The soundtrack was composed by FoxN. The first single "Watcha Udadha" was released on 14 May 2026. The second single "Tomato Thakkali" was released on 23 May.

Track listing
| No. | Title | Lyrics | Singer(s) | Length |
|---|---|---|---|---|
| 1. | "Sattu Buttu" | Jothi Kanna, Pradeep PJ | Sublahshini, Pradeep PJ | 3:04 |
| 2. | "Tomato Thakkali" | Varma | Anthony Daasan, Pradeep PJ, Varma | 2:02 |
| 3. | "Watcha Udadha" | LRC, Pradeep PJ | Pradeep PJ | 2:48 |
| 4. | "Vazhi Thirivu" | Veno Miss | Veno Miss | 2:26 |
| 5. | "Doki Doki" | Pradeep PJ, Jothi Kanna | Adithya RK | 2:45 |
| Total length: |  |  |  | 13:05 |

== Release ==
Parimala and Co was released in theatres on 5 June 2026. It was distributed by Five Star Creations in Tamil Nadu.
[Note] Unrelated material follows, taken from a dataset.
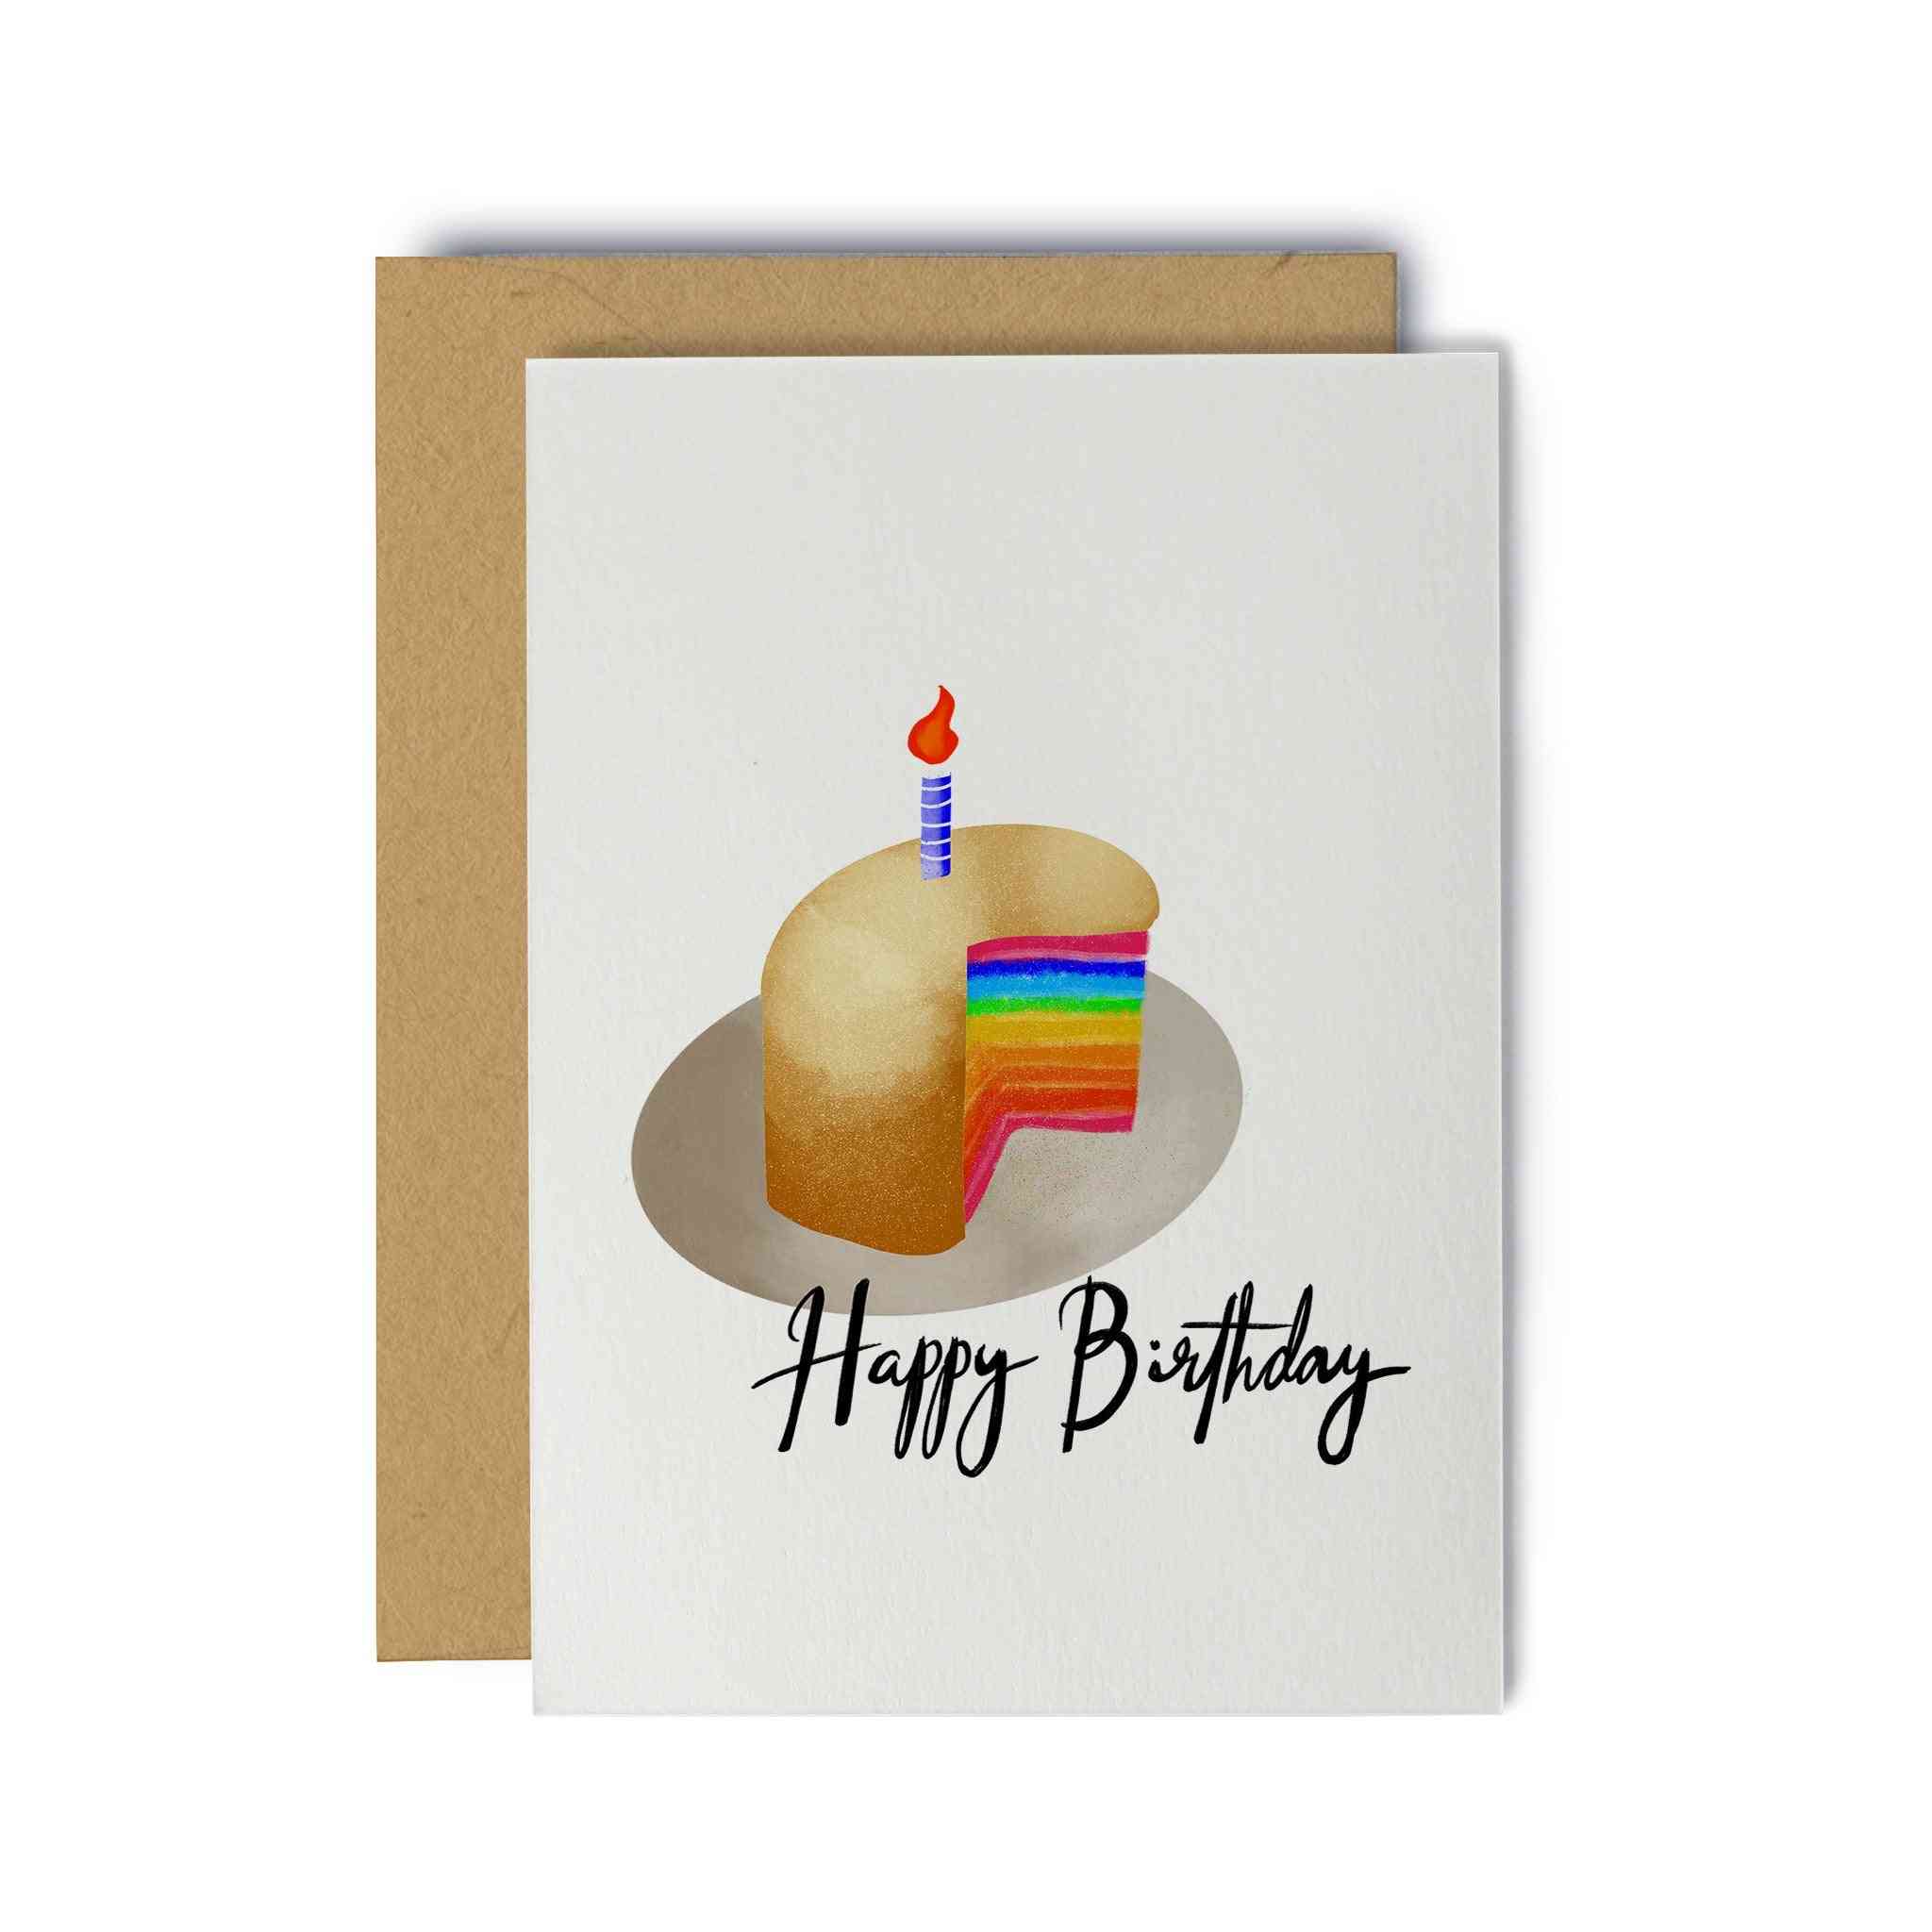 Tillykke med fødselsdagen regnbue kage lykønskningskort

The film began streaming on ZEE5 from 10 July 2026.

=== Reception ===
Avinash Ramachandran of Cinema Express rated the film 1.5/5 and wrote, "Despite a terrific cast and an intriguing premise, this sluggish family mystery struggles to keep up the suspense and spirits". Bhuvanesh Chandar of The Hindu also gave a negative review, criticising the screenwriting and said the film tests one's patience. Abhinav Subramanian of The Times of India wrote, "George C. Williams' camerawork is clean and unfussy, but the cutting works against it, chopping straightforward scenes into needless jumps and forever nudging you to look here and then there for no real reason. The story, too, keeps circling back to the same house and the same question until it begins to feel thin".

Janani K of India Today gave the film 1.5/5, comparing it unfavourably to Drishyam (2013) and wrote, "Despite having the best of talents as part of the cast, the film is non-inventive and drowns in weak writing". Anandu Suresh of The Indian Express rated the film 1/5 and wrote, "Pandiraaj could have at least spoofed director Jeethu Joseph's Papanasam/Drishyam, and it might still have worked out better for him."

=== Box office ===

Parimala and Co collected ₹6.70 crore worldwide within the first three days of release.